Harmony of the Seas is an  built by STX France at the Chantiers de l'Atlantique shipyard in Saint-Nazaire, France, for Royal Caribbean International. With a gross tonnage of 226,963 GT, she is the third largest passenger ship in the world, larger than her older sisters Oasis of the Seas and Allure of the Seas, but surpassed by her newer sisters Symphony of the Seas and Wonder of the Seas. In length, however, Harmony of the Seas is the longest cruise ship in the world.

History 

The success of the first two Oasis-class ships led Royal Caribbean Cruises to order a third ship of the type in December 2012. Harmony of the Seas is named after the Harmony module on the International Space Station . The vessel was floated out on 19 June 2015, began her first sea trials on 10 March 2016, and was delivered to Royal Caribbean on 12 May 2016. After a construction time of 32 months, the ship first set sail on 15 May 2016 from the STX France docks in Saint-Nazaire, viewed by some 70,000 people. Her first destination was Southampton, England, although her home port was Barcelona until 23 October 2016 when she crossed the Atlantic.

Harmony of the Seas took two short "preview cruises", three nights to Cherbourg and four nights to Rotterdam, after reaching port in Southampton on 17 May. During these voyages, passengers complained of ongoing construction, a lack of hot water, unopened attractions, excessive waits at restaurants, and other issues. The ship's maiden voyage departed from Southampton on 29 May and arrived at its summer home port of Barcelona on 5 June. According to passengers on this cruise, construction had finished and the ship was ready to sail. For the inaugural season, Harmony of the Seas offered seven-night western Mediterranean cruises originating from Barcelona and Civitavecchia.
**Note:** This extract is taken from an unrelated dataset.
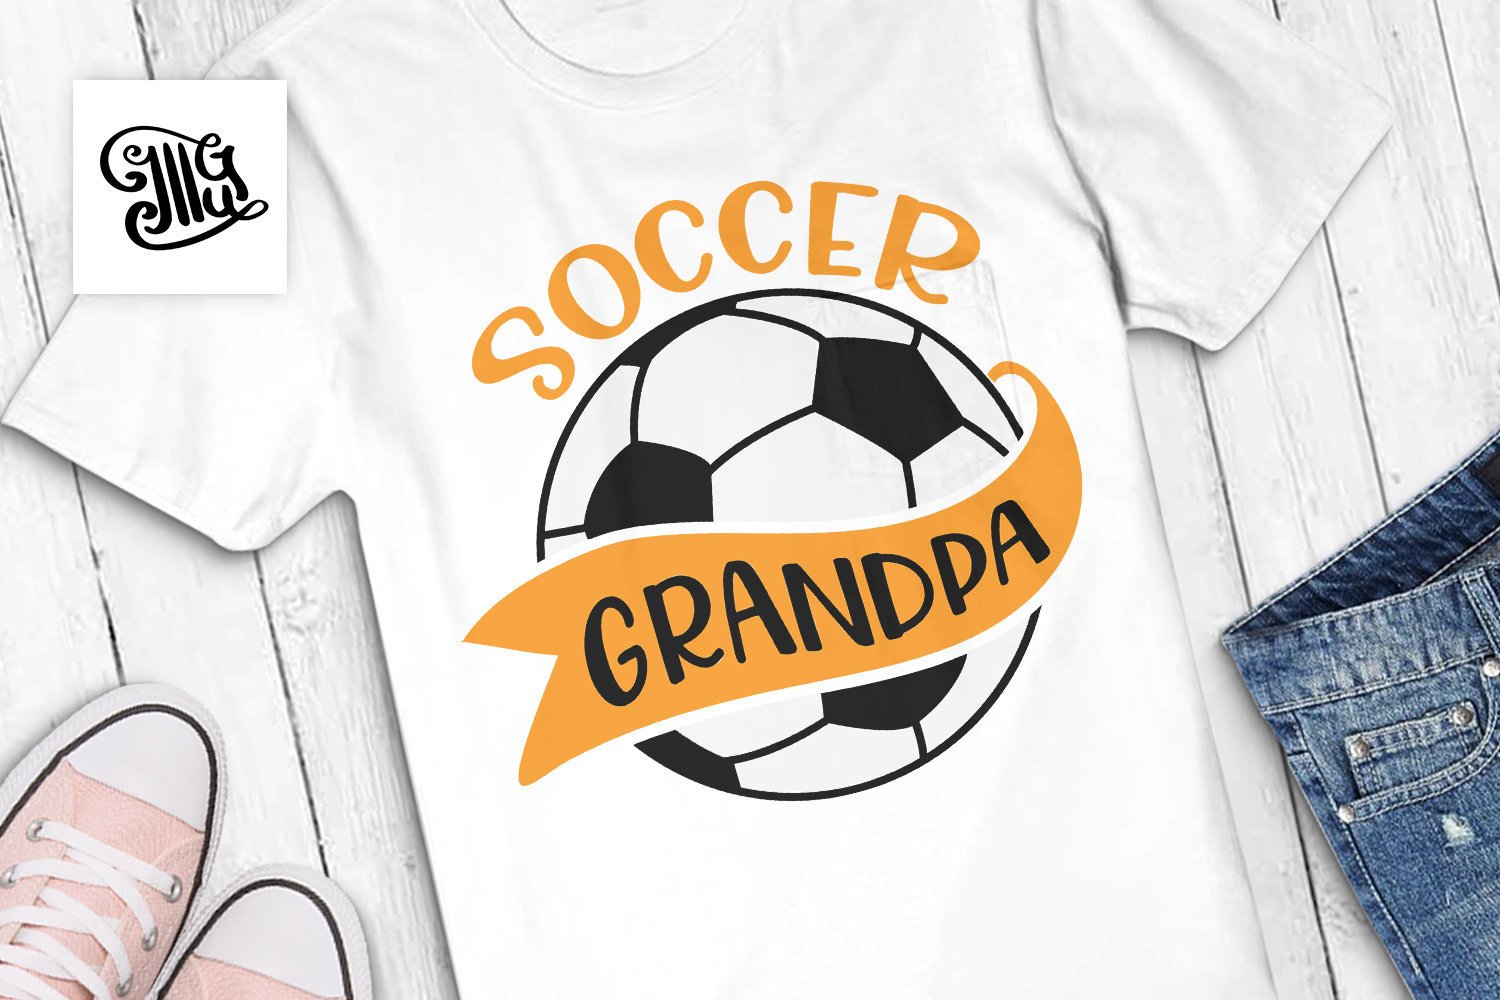 Download Soccer grandpa svg, soccer nana svg, socer paw paw svg ...
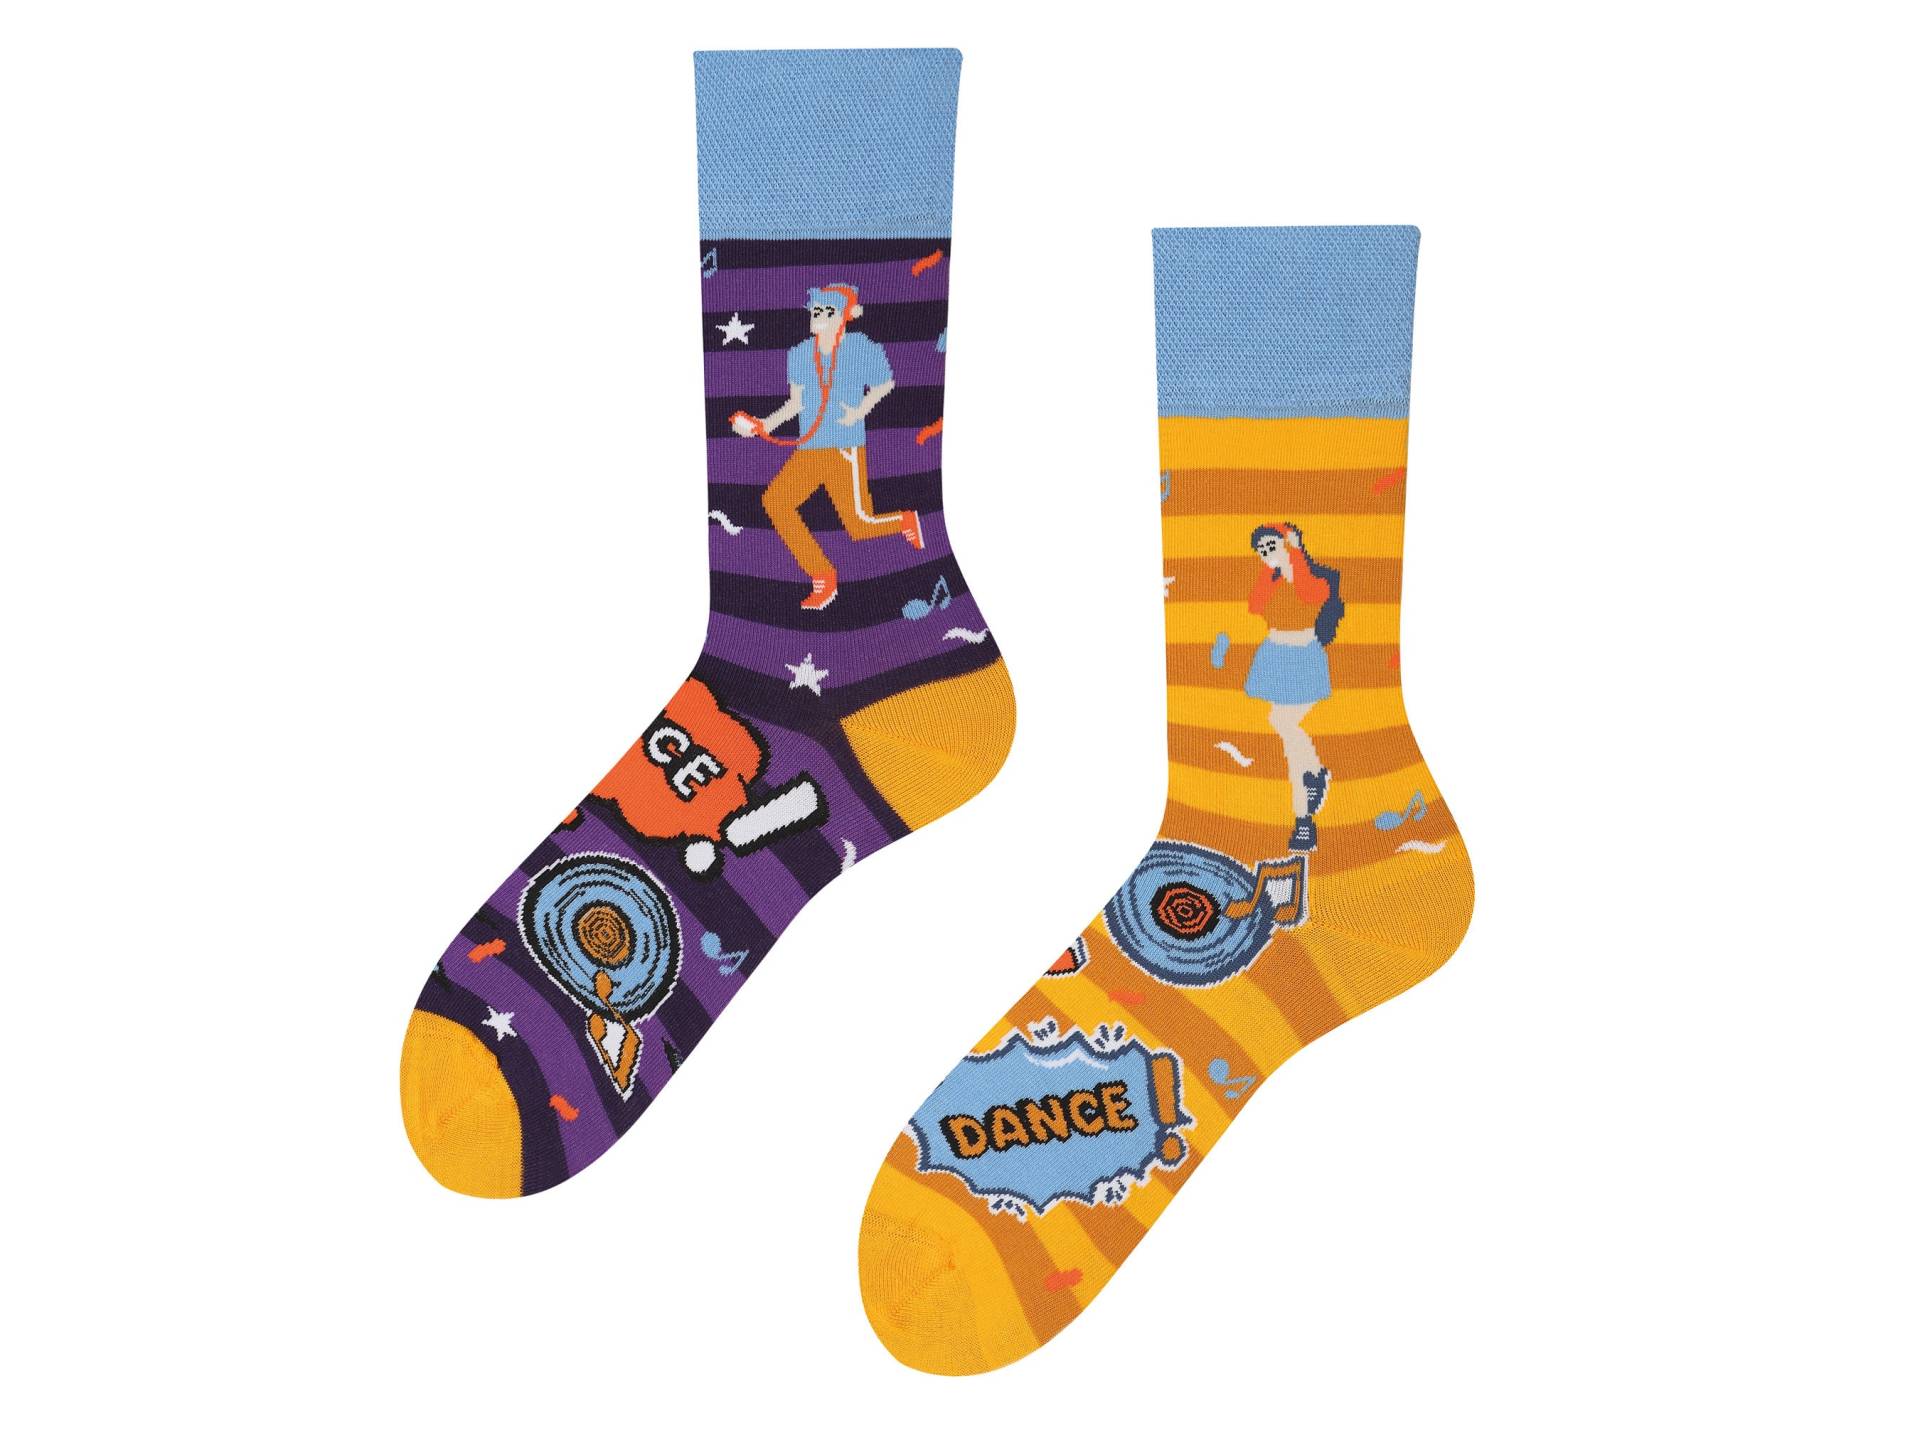 Coole Socken Für Party| Cool Socks For Party| Bunte | Colorful Socks| Geschenk Dj| Musiker| Zum Abi von TODOSOCKS

On 10 November 2016, the vessel was officially christened by her godmother, Miami-Dade County teacher Brittany Affolter.

Facilities 
Harmony of the Seas has 2,747 staterooms, of various sizes, to accommodate (at double occupancy) 5,479 guests. The ship is divided into seven neighborhoods, including Central Park and Boardwalk, like her Oasis-class sisters. Harmony of the Seas has a number of water-based attractions including a large dry slide complex,  known as The Ultimate Abyss, two surf simulators, three water slides, and 3 swimming pools. It also has the first water slides on a Royal Caribbean ship. She also has 20 dining venues, a 1,400-seat theatre and 11,252 works of art.

Technology 
Harmony of the Seas is 20 percent more energy efficient than her sister ships Oasis of the Seas and Allure of the Seas. Small air bubbles from the keel reduce drag and thus fuel consumption by 7 to 8 percent, and a smooth hull surface further reduces resistance. The bubble system also reduces propeller noise, and is used on Celebrity Reflection and Quantum of the Seas. LED and fluorescent lamps replace incandescent light bulbs, reducing power consumption and the need for air conditioning. The engine system uses a waste heat recovery system, and drives three Azipod propellers.

Incidents 
On 13 September 2016, one employee was killed and four were injured when a lifeboat broke loose and dropped from the fifth deck during a security drill.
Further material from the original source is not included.